[Items from a data source]
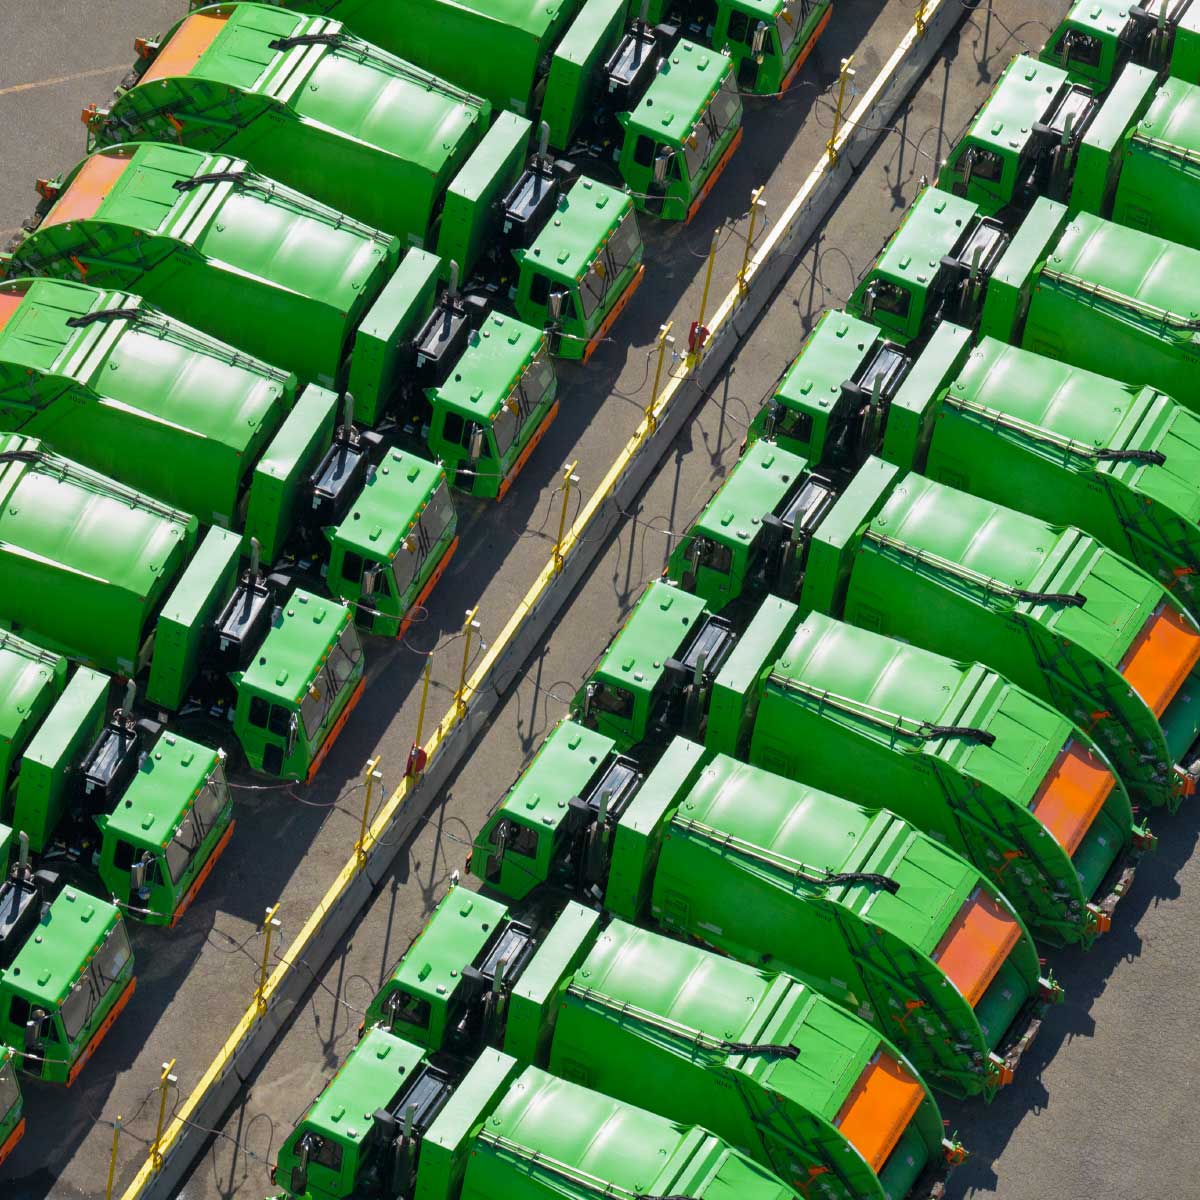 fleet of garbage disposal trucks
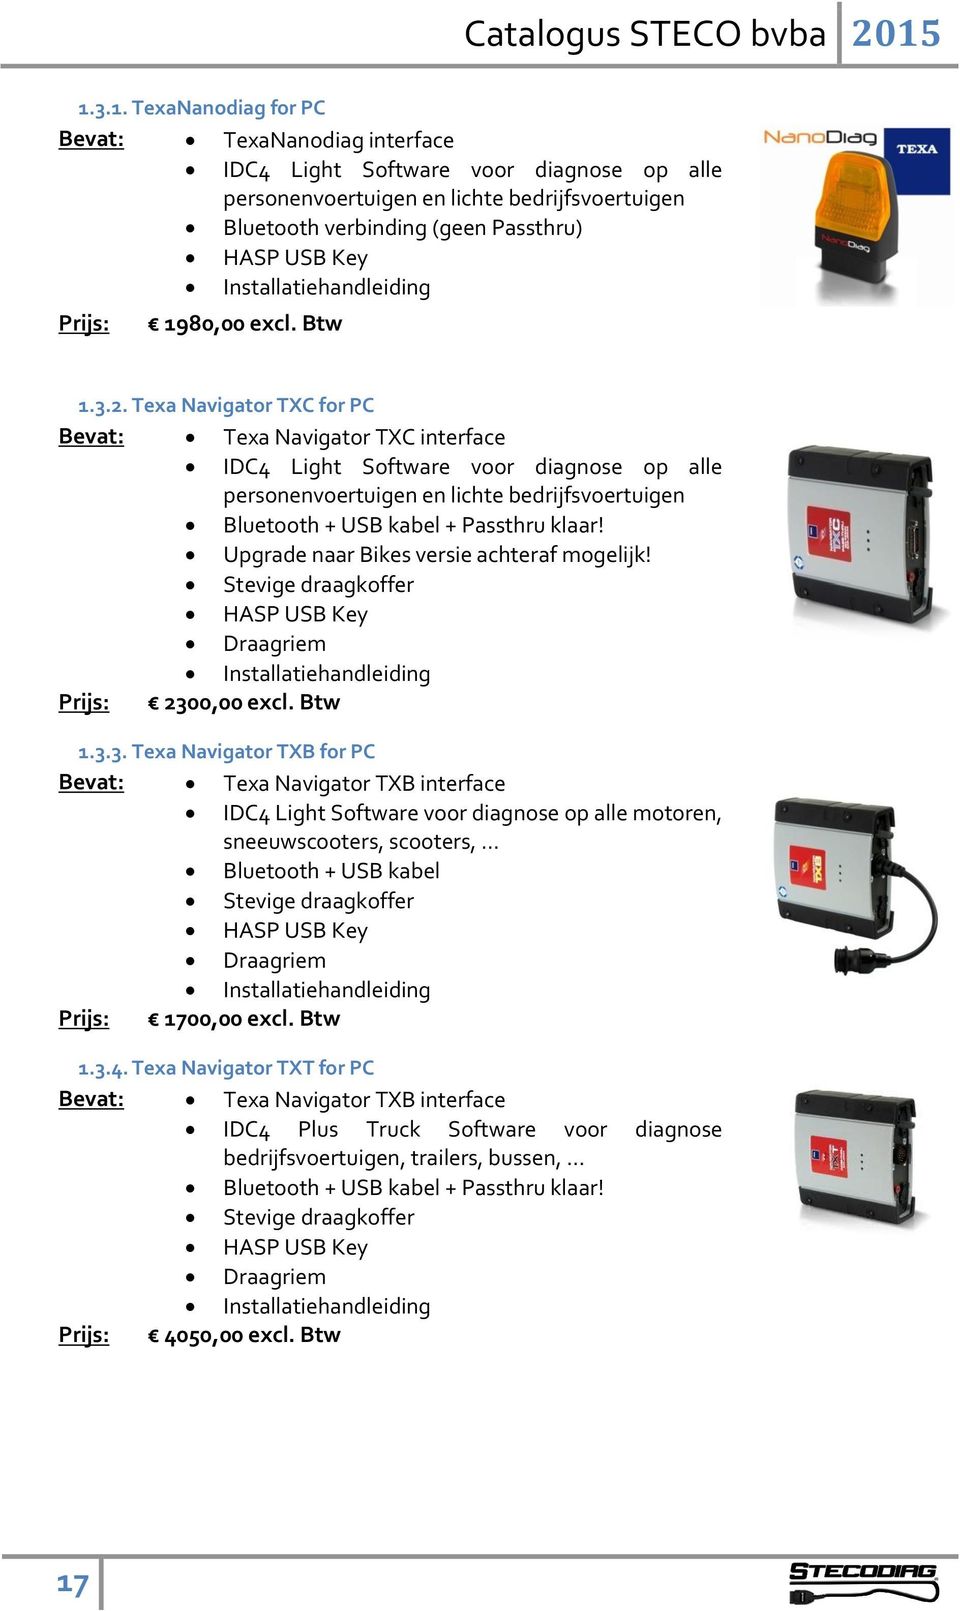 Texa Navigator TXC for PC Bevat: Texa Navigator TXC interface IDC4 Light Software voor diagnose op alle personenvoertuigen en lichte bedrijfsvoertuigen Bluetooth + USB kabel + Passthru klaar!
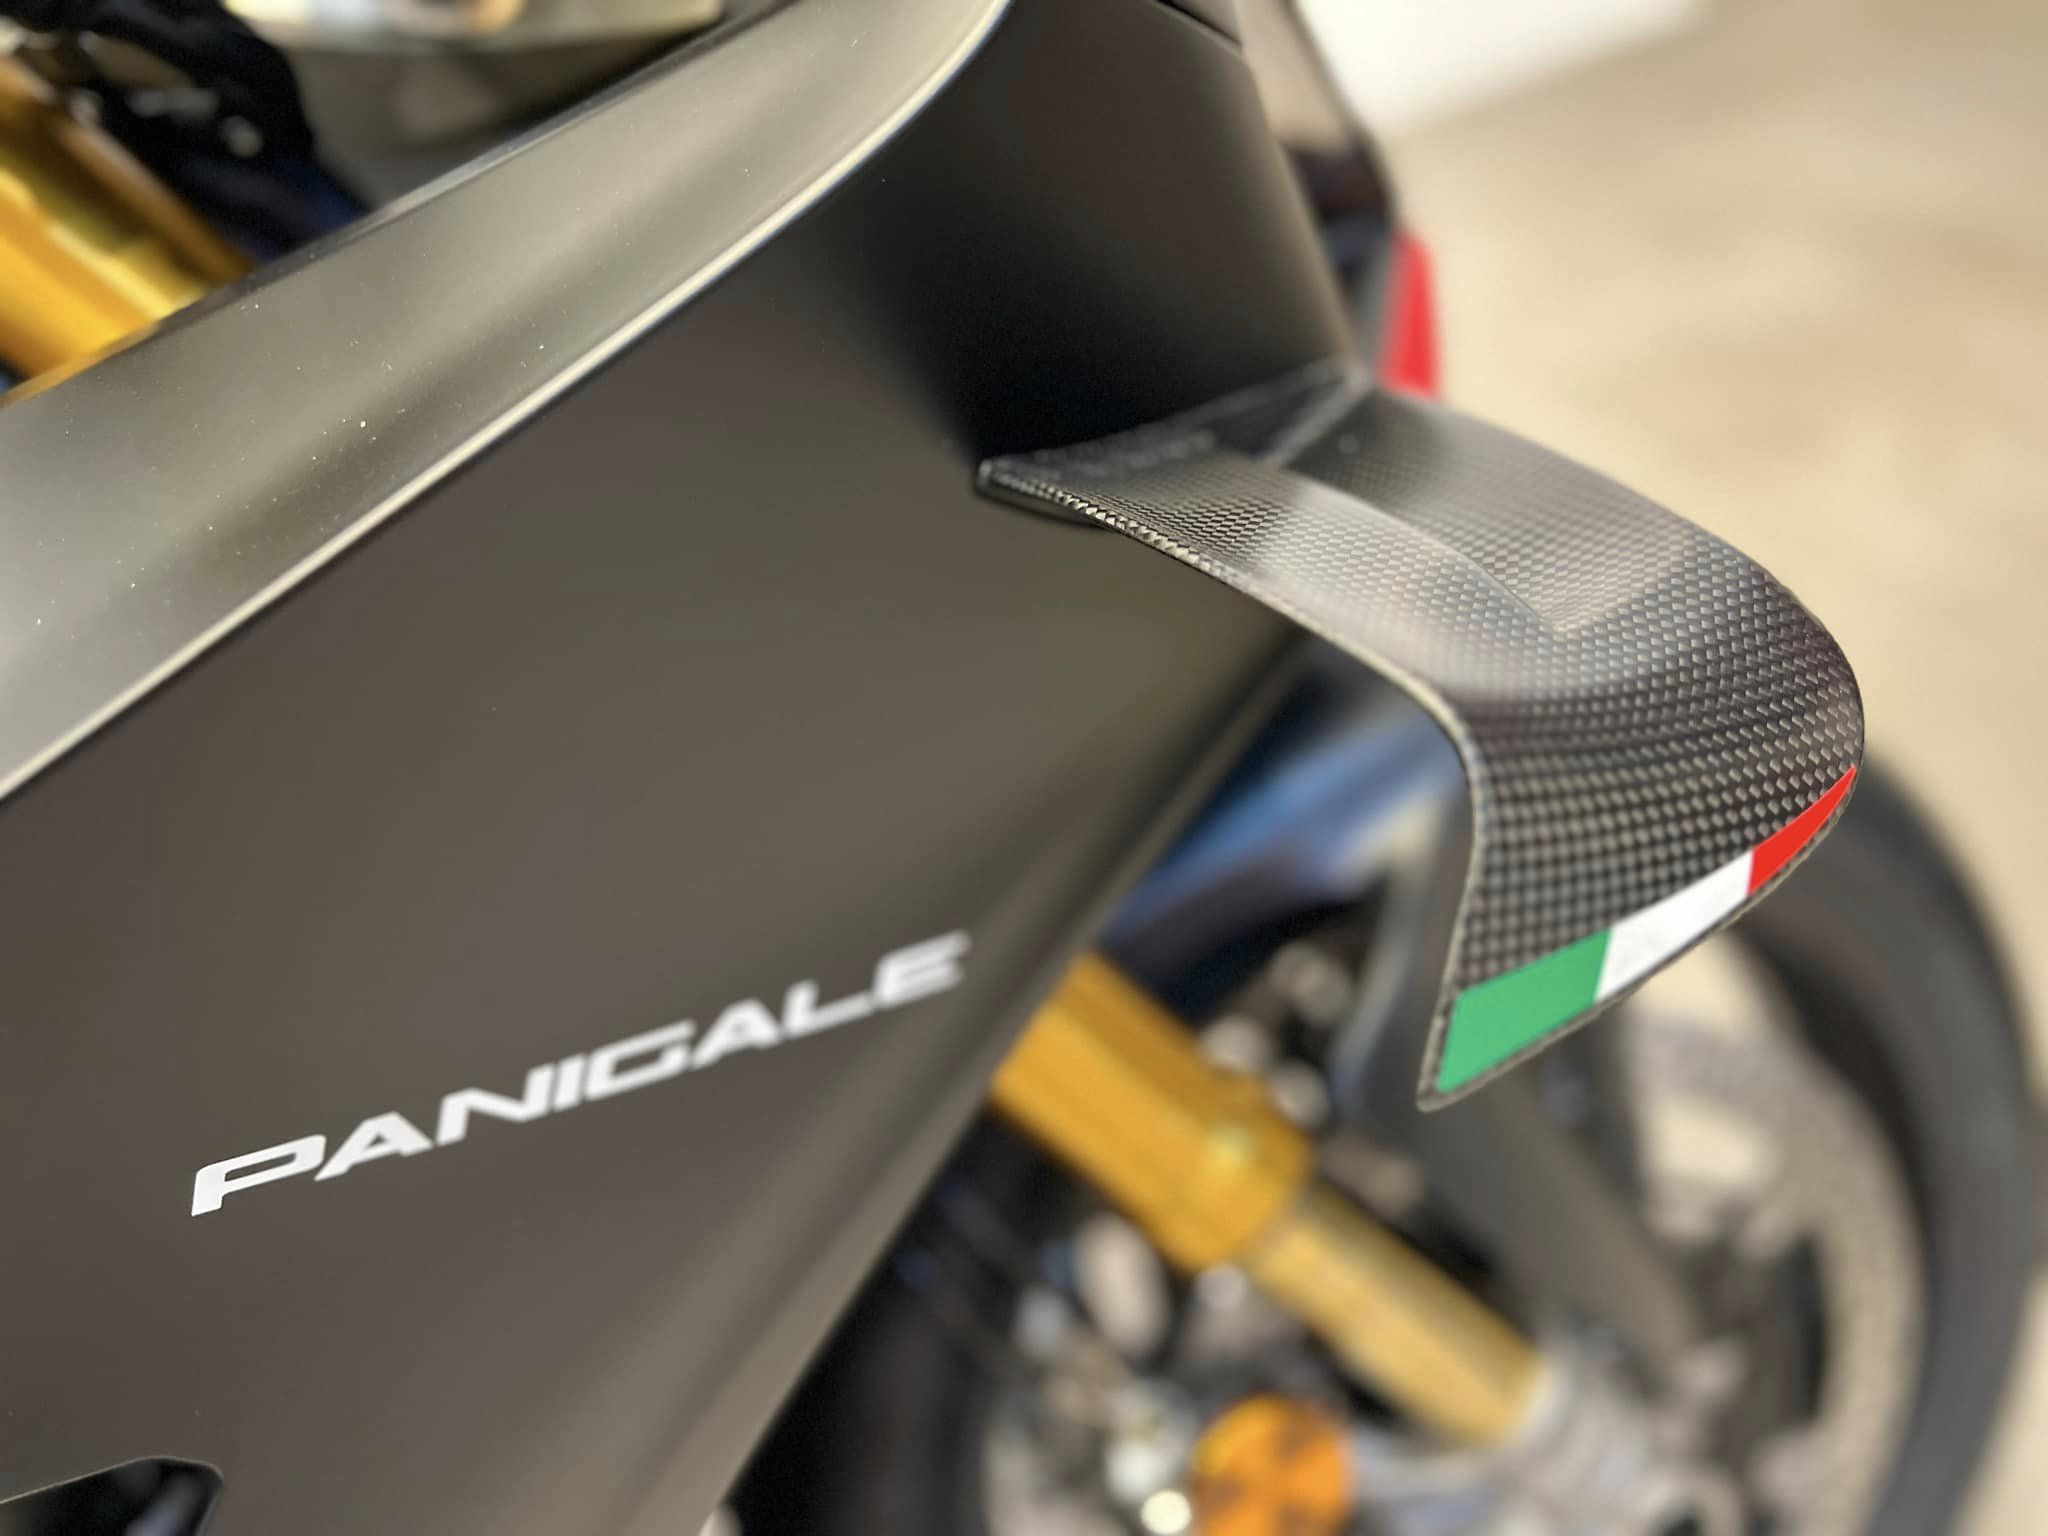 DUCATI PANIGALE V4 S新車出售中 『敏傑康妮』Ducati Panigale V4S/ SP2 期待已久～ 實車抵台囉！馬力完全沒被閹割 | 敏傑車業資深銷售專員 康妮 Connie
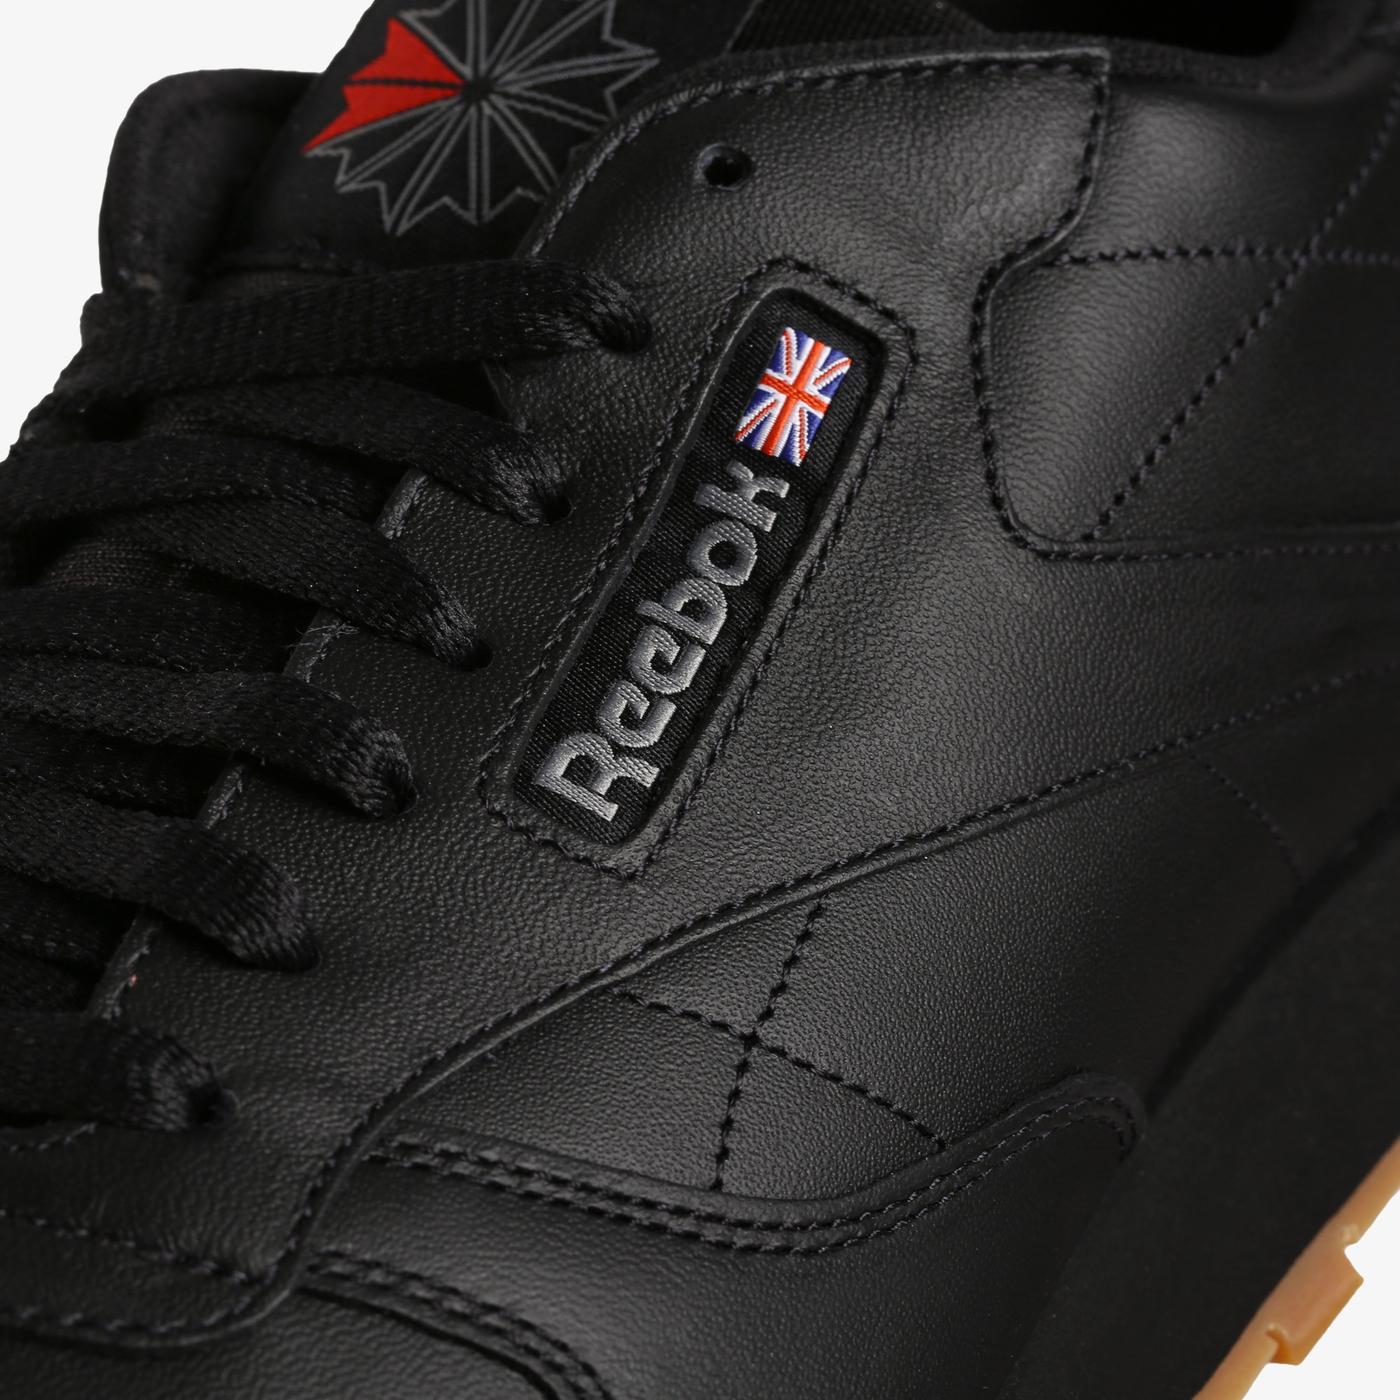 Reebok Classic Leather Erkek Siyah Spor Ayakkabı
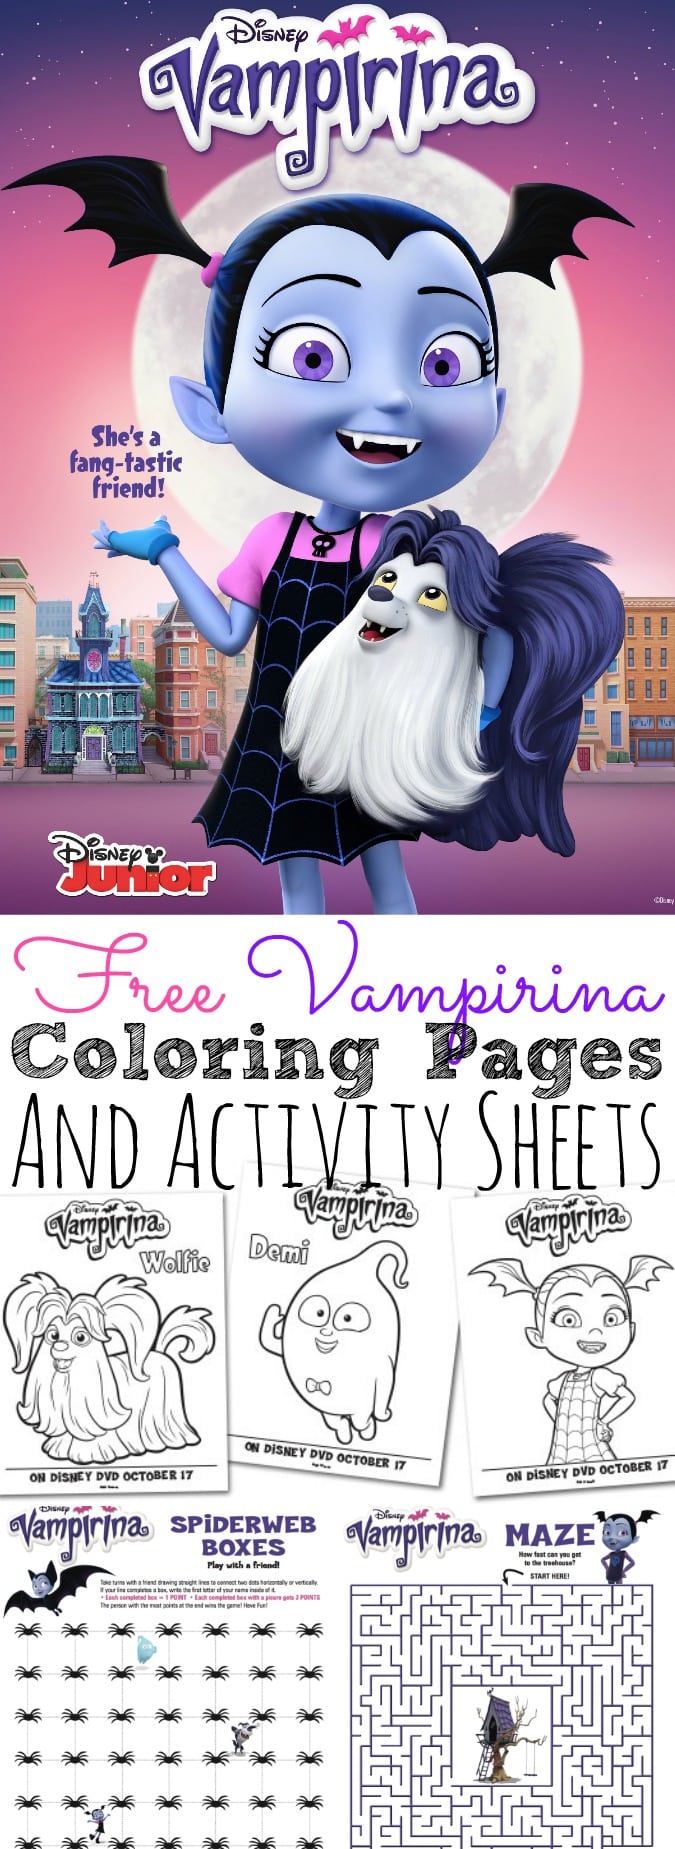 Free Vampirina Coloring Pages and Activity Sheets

EXERCISE DETAILS.
Your task is to retype the lines running from the one that contains "Texa Navigator TXC for" through the end of the records, and nothing else. Pictures are not part of the copy.

REPLY TO THE EXERCISE.
 Texa Navigator TXC for PC Bevat: Texa Navigator TXC interface IDC4 Light Software voor diagnose op alle personenvoertuigen en lichte bedrijfsvoertuigen Bluetooth + USB kabel + Passthru klaar!
 DUCATI PANIGALE V4 S新車出售中 『敏傑康妮』Ducati Panigale V4S/ SP2 期待已久～ 實車抵台囉！馬力完全沒被閹割 | 敏傑車業資深銷售專員 康妮 Connie
 Reebok Classic Leather Erkek Siyah Spor Ayakkabı
 Free Vampirina Coloring Pages and Activity Sheets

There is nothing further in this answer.